Mit Achtsamkeit im Hintergrund bleiben
Wenn Shootings nicht eins zu eins stattfinden ist mein Credo: Sich so unsichtbar wie möglich machen. Und das geht, indem du deine jeweilige Umgebung registrierst und mit allen Sinnen wahrnimmst. Wenn ich weiss, dass ich im Blickfeld vieler Leute bin, dann bewege ich mich erst dann, wenn es laut ist oder viel Betriebsamkeit herrscht. An einem klassischen Konzert zum Beispiel, bewege ich mich im Moment des Applauses oder des Szenenwechsels, damit ich so wenig Aufmerksamkeit wie nur möglich errege. Oder bei einem Rockkonzert falle ich im tobenden Publikum viel weniger auf. Vorausdenken ist hier die Devise. Ich weiss, «das perfekte Bild» zu fotografieren ist verführerisch, aber mach dir bewusst, wer sich alles von dir gestört fühlen könnte und ob du allenfalls vom eigentlichen Geschehen ablenkst und somit den Bildern das gewollte Authentische raubst.

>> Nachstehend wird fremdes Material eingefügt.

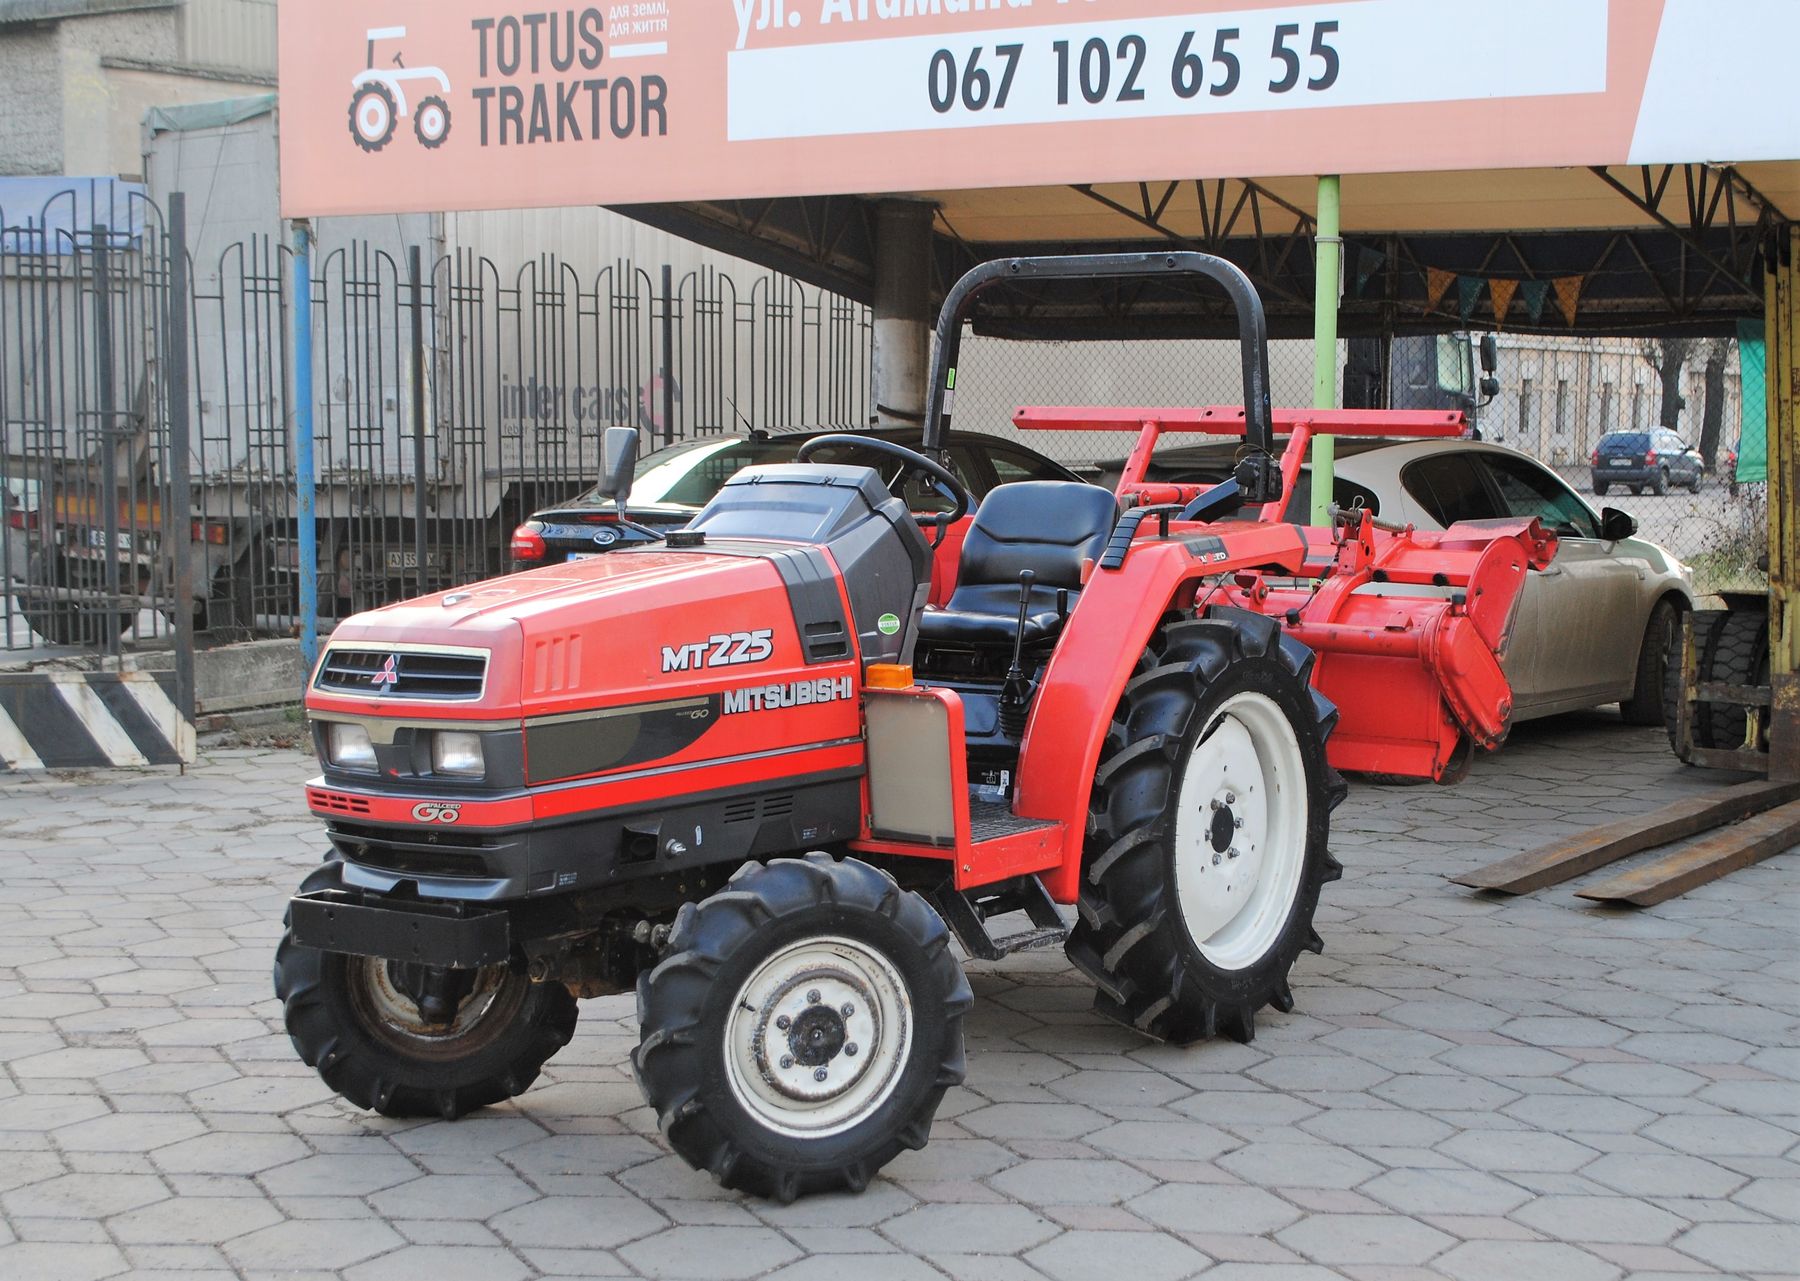 Митсубиси трактор купить педали минитрактора

Denk daran: Man pupst in der Sonntagsmesse bestenfalls auch erst dann, wenn der Orgelspieler feierlich eine von Bachs Toccaten anschlägt. ?
Regina Jäger
Komplimente steigern den Wohlfühlfaktor
Die Parolen der Fotografen von «Germany’s Next Topmodel» müssen nicht zwingend Teil deines Charakterzugs sein. Vereinzelte, gezielte und vor allem ernst gemeinte Komplimente tun ihre Wirkung viel effektiver. Wenn ich dir jetzt einige Beispiele präsentiere, wäre es ja nicht mehr authentisch deinerseits. Finde die Dinge beim Gegenüber welche schön und erwähnenswert sind. Es hilft oft auch, zwischendurch eins bis zwei Bilder zu zeigen, damit alle Gemüter beruhigt sind.
Ego
Ich denke in der ganzen fotografischen Situation, authentisch Menschen zu fotografieren, geht es nicht darum, den Fokus auf dich und dein Können zu setzen. Auch wenn es sich überaus gut anfühlt, gebauchpinselt zu werden. Es geht darum eine Dienstleistung professionell umzusetzen und das funktioniert meistens am besten, wenn man sein Ego zurücknimmt. Wird das Ego gefüttert, geht meiner Meinung nach der Mensch, die Umgebung und die Verantwortung vergessen und das wirkt sich wiederum negativ auf ein authentisches Portrait aus.
Sei immer du selbst
Ich erachte es als grundlegend, sich immer wieder die Frage zu stellen, warum man eigentlich fotografiert. Mache ich das, was ich tue gerne? Oder ist es einfach eine Abwicklung von Abläufen, eine Routine, bei welcher mir gleichzeitig meine rechte Gesichtshälfte einschläft. Wenn du deiner Leidenschaft nachgehst, deiner Berufung, unabhängig von Erfolg und extrinsischen Faktoren, dann wird sie automatisch authentisch und bekommt eine eigene, unverwechselbare und wunderbare persönliche Note.
Raum schaffen für Imperfektion
Ein Bild muss technisch nicht immer perfekt sein, wenn es im Gegenzug einen emotionalen Ausdruck aufweist. In meiner Ausbildung habe ich Regeln gelernt, welche ein korrektes Bild ausmachen. Ich habe gelernt, Bilder und Menschen zu retuschieren. Alles, was wir bildtechnisch in der Werbung wahrnehmen, hat diese Grundlage. Ich persönlich bin davon immer mehr weggekommen und bin der Meinung, dass Schönheit als gesellschaftliche Definition hinterfragt werden soll. Jeder Fotograf sollte sich selbst fragen, ob er das gesellschaftliche Ideal weiter mitformen will oder lieber etwas Neues – etwas Authentisches schaffen möchte.
Wenn wir die Unvollkommenheit akzeptieren und das Leben mit einem Lächeln auf dem Gesicht willkommen heissen, dann werden wir nachvollziehen können, wie es sich anfühlt authentisch Menschen zu fotografieren und werden die daraus gewonnene Freiheit in vollen Zügen geniessen können.